Tag Archives: Applied anthropology

Uberrima Fides

Four months ago a young woman came to the United States from East Africa and sat down, waiting for the bus. This young woman has traveled through at least seven different countries, three continents, and one ocean to study at an American community college, so she can chase that elusive “American Dream.” She also has a baby girl, who has been her sole travel companion.

Surprising encounters and a bus stop

“She is good in my life; God put her there for me and her face it makes me happy.”

I know this because I am also at this bus stop waiting to go home; it has been a long day, and the bus is notoriously running late. Exasperated, I ask to see the schedule she clutches and subsequently strike up the typical conversation about who we are and what we do. I mention that I am researching mobile technology in East Africa, and she cries out. In the last four months, I am the only person she knows that has been to Kenya, a country where she has lived. It is clear that fate brought us to this bench.

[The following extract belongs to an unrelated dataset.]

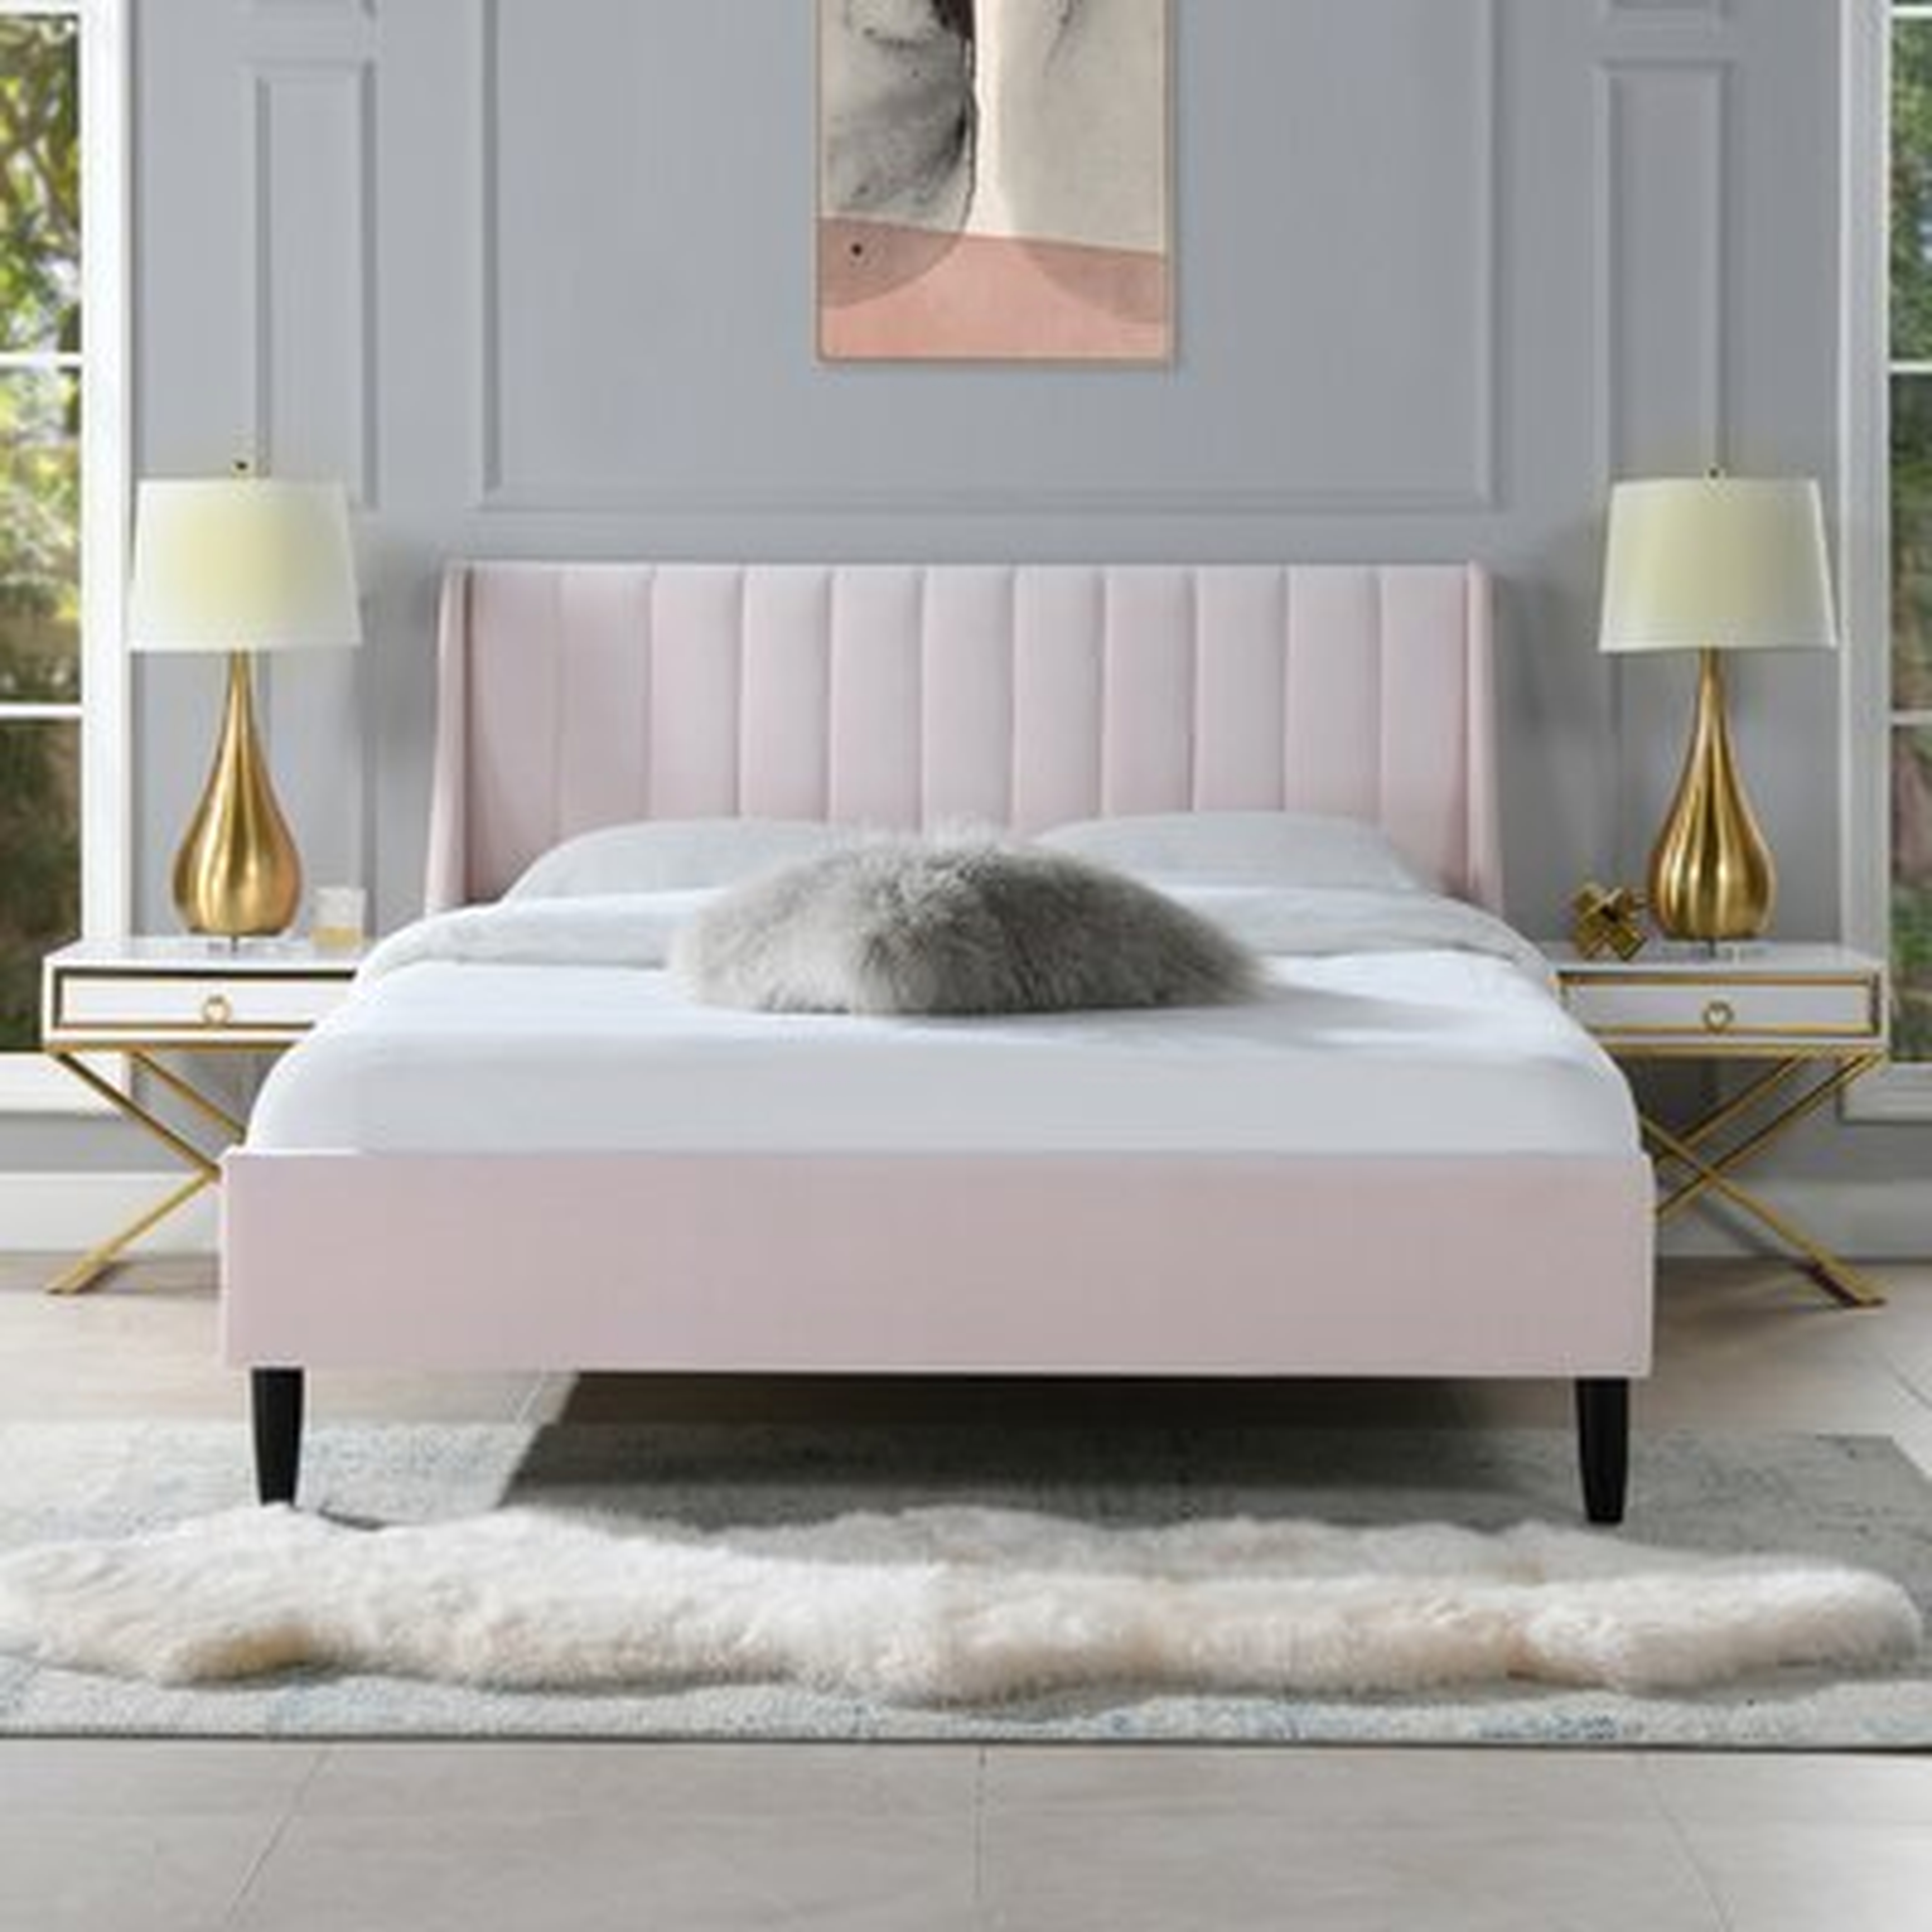 Mapletown Upholstered Low Profile Platform Bed - Wayfair

And what fortuitous fate it is. I am trying to learn Kiswahili, and she needs help with English and Math. We quickly agree to meet again and work out how we can help each other. I see a successful collaboration in the works. Phone numbers are exchanged the bus comes, and we are on our way.

One week later I pick her up. We go for coffee, talk about lives lived, places we been, and where we want to go. She admits that speaking in English is quite “painful” and I offer that she could start teaching me some Kiswahili, but she refuses instead asking to see where I live. We go. Our conversation turns to why I am single. I brush off the questions trying to maintain my composure and not offend. By the time, we make it to my living room she suggests we get married in a not so subtle fashion. I am trying to decline spilling forth a myriad of reasons, but to her it is straightforward.

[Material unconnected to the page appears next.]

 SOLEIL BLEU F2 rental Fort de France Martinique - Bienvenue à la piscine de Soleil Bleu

“You go to Africa, I come to America it would be easier for both of us if we marry.”

I am fully embarrassed, although not quite sure why. Explaining that she probably would not be granted full immediate citizenship if we wed. I take her home. She calls me every day for two weeks. I don’t answer.

My good hearted attempt to make a friend, learn and teach has utterly failed. Why? I suppose I could blame the State or a difficult road to citizenship. But, I am a coward and here I place most of the blame.

In retrospect this woman, trying to make the most of the situation, in no uncertain terms told me, citizenship was her goal. Even if that meant marrying a man she only knew for a week. I felt extorted and thus rejected her totally.

If I had it to do again, I would have taken her statement as a sign of Uberrima fides. The brilliant Jan Chipchase defines Uberrima fides as

“The legal doctrine covering insurance contracts – where all parties must enter into the contract making a full declaration of the material facts – in “utmost good faith.”

This young woman did not like the terms of our collaboration and in “utmost good faith” tried to make an adjustment to the terms. I was offering her English (a language she could already speak well enough to ply me romantically) in exchange for Kiswahili (a language I barely know and desperately want to learn). This woman put enough faith in me to say she wanted U.S. citizenship, and I failed to appreciate that in its context, and thus our collaboration crumbled.

Research, data collection, policy making, and product design are no longer (and perhaps never have been) one way streets. Going forward with my various projects I hope to make the most of people letting others know what they want in subtle and not so subtle ways, taking it as a sign of Uberrima fides.